More than three months after the start of the war in Ukraine, the displeasure of the citizens should also be visible on street signs. Initiatives are springing up across the country to rename streets that hark back to the country’s Russian past.

According to a report in the New York Times, around 100 streets are to be renamed in the city of Lutsk in northern Ukraine alone. After the collapse of the Soviet Union in the 1990s, many post-Soviet states had started similar projects.

In Ukraine, however, it is also about one’s own identity. “We defend our country, including on the cultural front,” Andriy Moskalenko, leader of the initiative in the western Ukrainian city of Lviv, told The Times.

The port city of Odessa is even considering removing the statue of Catherine the Great, the former Empress of Russia.

So-called “decolonization” efforts are also being made in the Ukrainian capital of Kyiv. For example, the subway station named after the Russian writer Leo Tolstoy will in future bear the name of the Ukrainian poet Vaysl Stus.

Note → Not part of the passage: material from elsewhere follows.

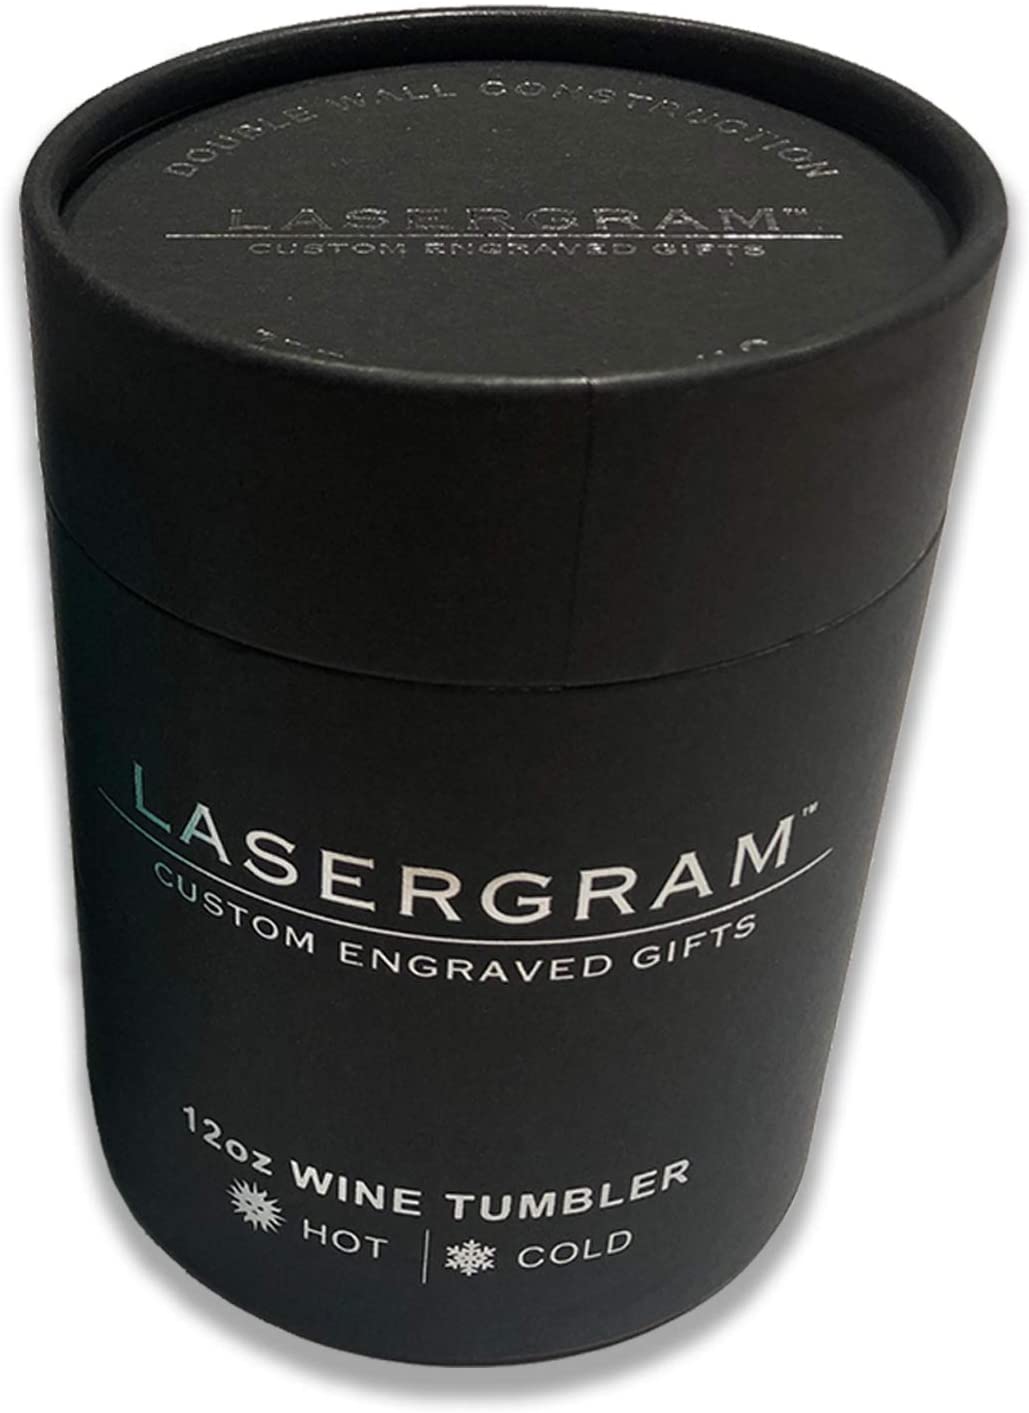 LaserGram Double Wall Stainless Steel Wine Glass, Real Estate, Personalized Engraving Included

The stop, which bears the name of the Belarusian capital Minsk, is to be renamed “Warsaw” because of the government’s questionable attitude to thank neighboring Poland for its help during the war.

However, some of the renamings are also under criticism. The family of the composer Peter Tchaikovsky is said to have its roots in what is now Ukraine. According to Andriy Moskalenko, however, the initiative does not reject the artists themselves. They just want to make it clear that the work of many artists was used as a “tool of colonization”.